Effects of off-diagonal radiative-decay coupling on electron transitions in resonant double quantum wells

Density-matrix equations for electrons in laser-coupled quantum wells are derived in second quantization, including an off-diagonal radiative-decay coupling between a pair of electron transitions. Calculations of spontaneous photoluminescence and time-resolved optical absorption for the probe field are formulated. The zero absorption of the pump-laser field within an overlapping region between two absorption peaks is found in a resonant asymmetric double-quantum-well system and explained as the quantum interference between two nearly degenerate electron transitions. Quantum interference is clearly demonstrated through phase cancellation between the two statistically averaged transition dipole moments. The laser frequency for zero absorption can be tuned within a tunneling gap by applying a small dc bias field. The $k_{\Vert }$-dependent energy-level separation is found to be a crucial factor for destroying quantum interference.
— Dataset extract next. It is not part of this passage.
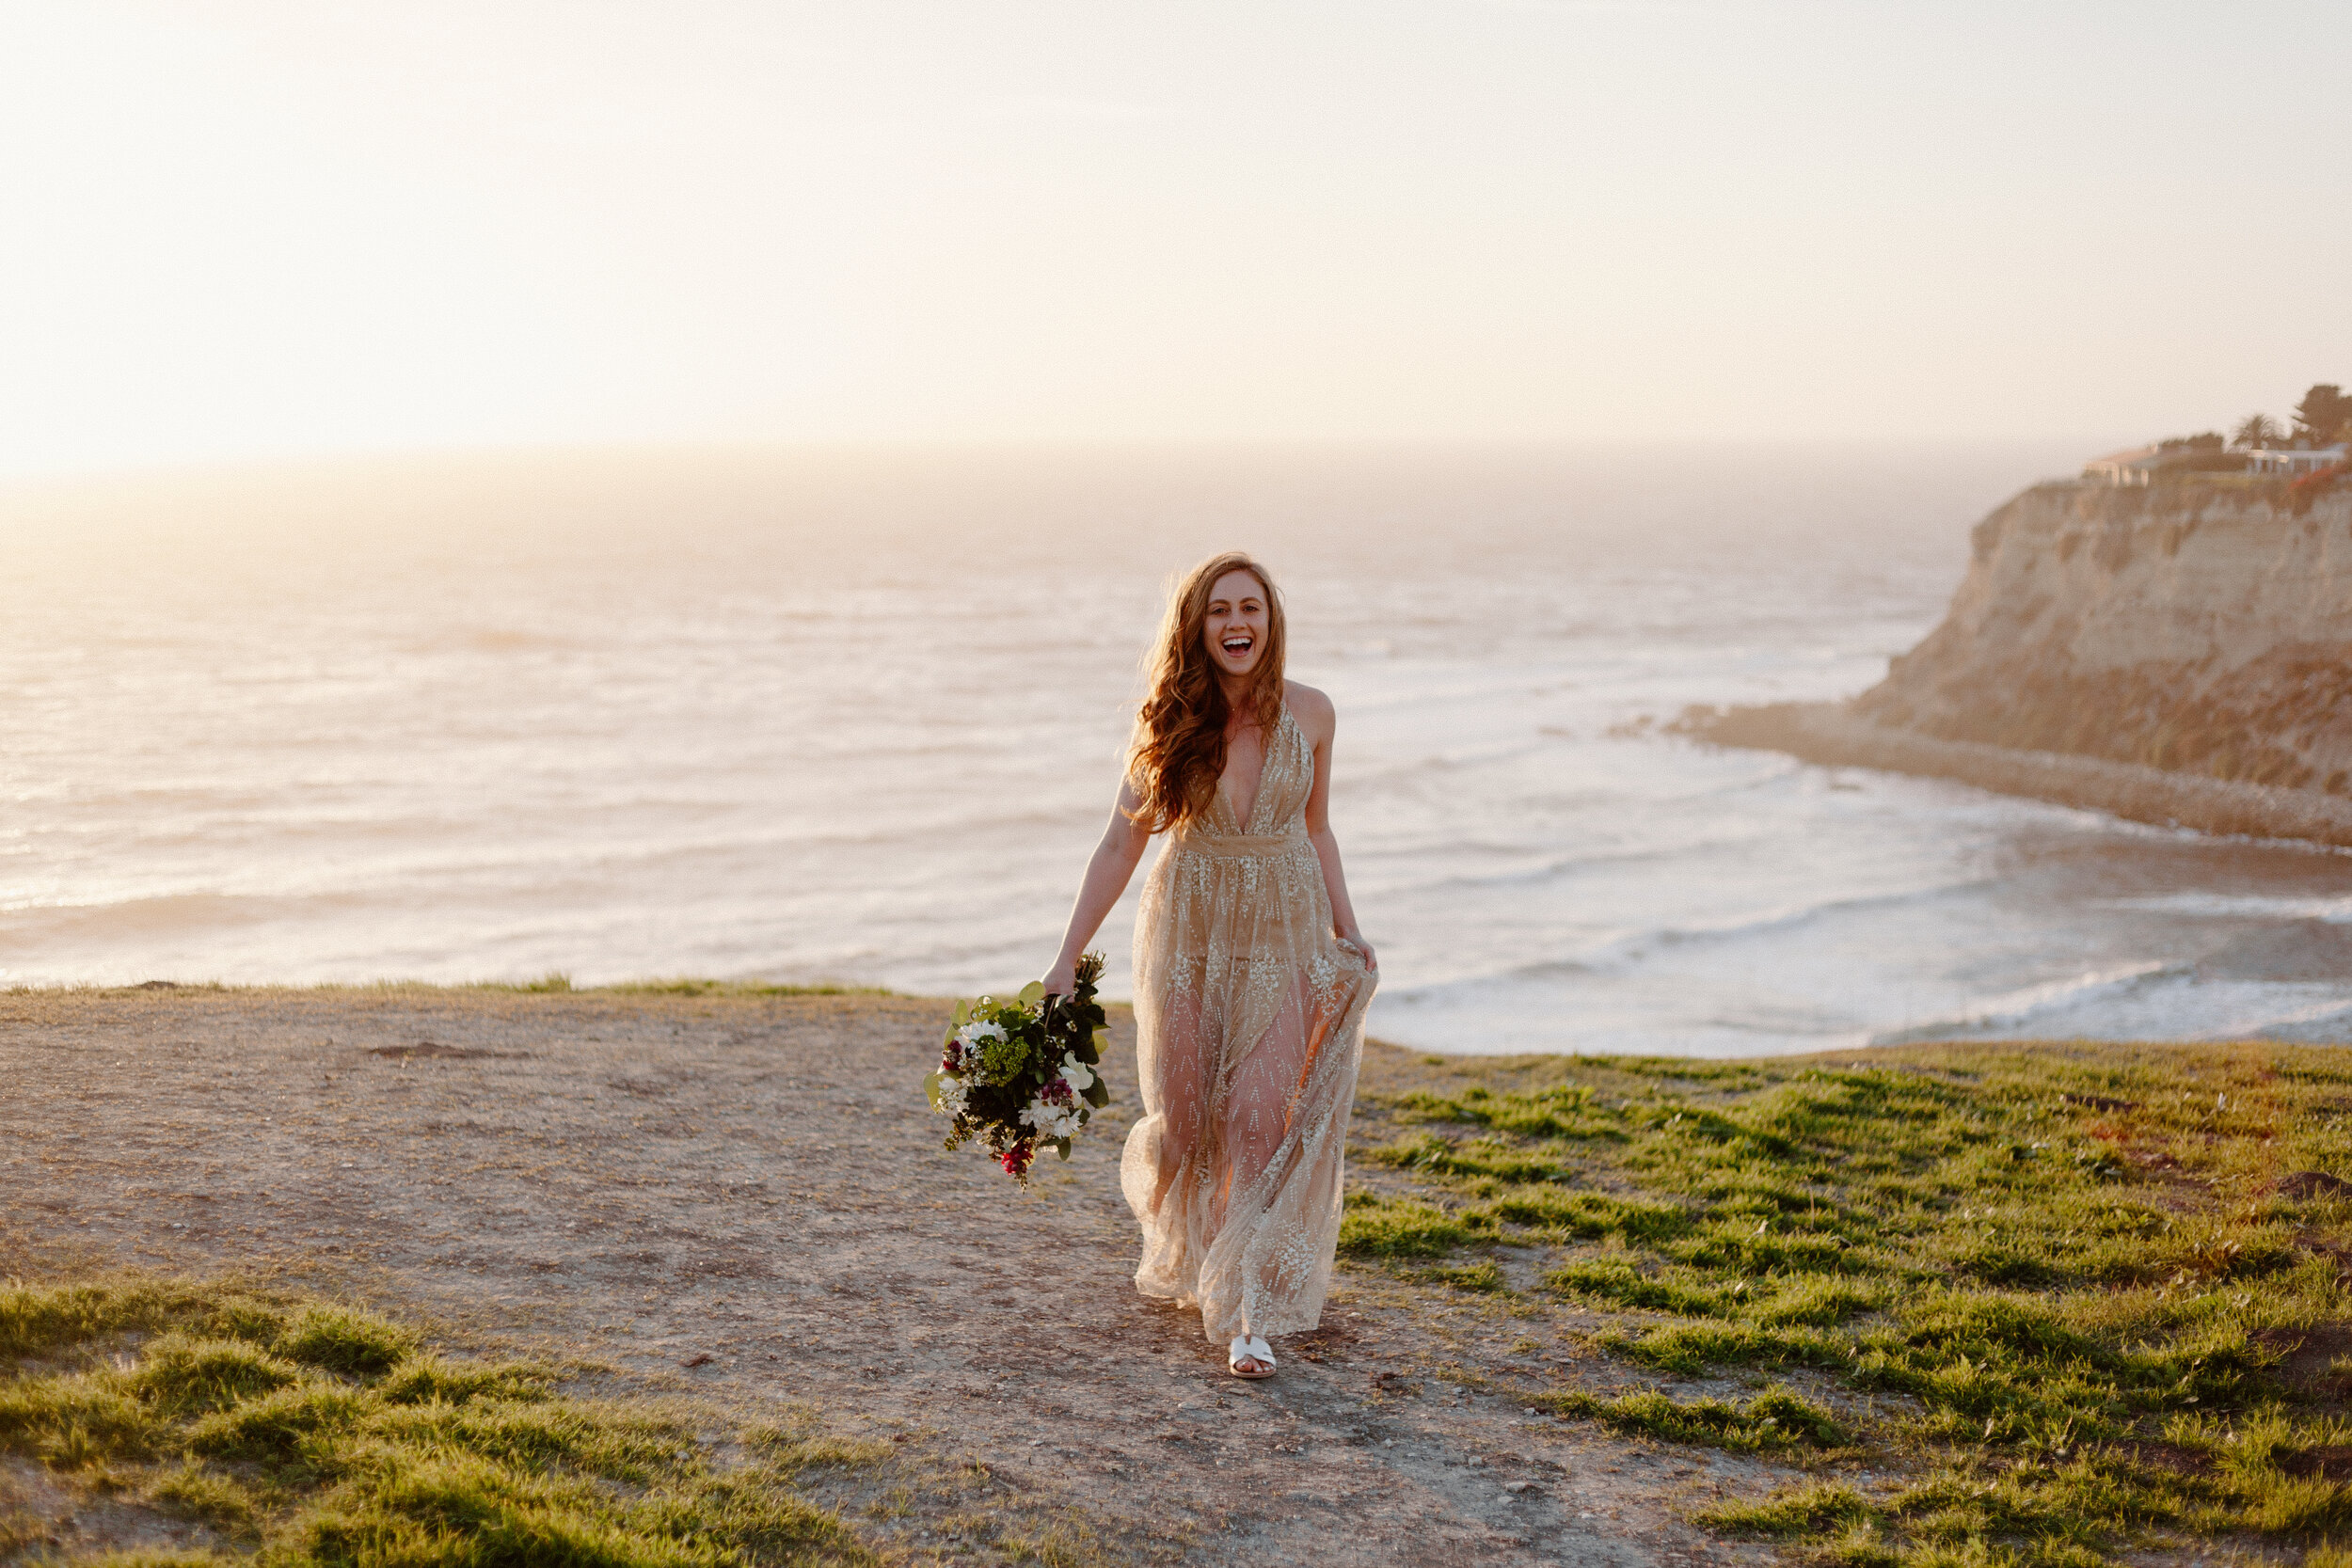 Warm portrait from a bridal shoot at Lunda Bay Beach in Lunada Bay, California during sunset. The model was wearing a sequined sheer dress that contrasted the natural beachfront cliffs.

The optical gain of the probe field is seen as a hole in the weak absorption peak for the resonant asymmetric double quantum wells selectively coupled by a laser field and shown to be a result of the partial inversion of the electron occupation probabilities in momentum space after laser excitation. The probe-field gain increases with the strength of the pump laser. The effects of transition blocking, induced quantum coherence, and off-diagonal radiative-decay coupling are quantitatively analyzed for this gain.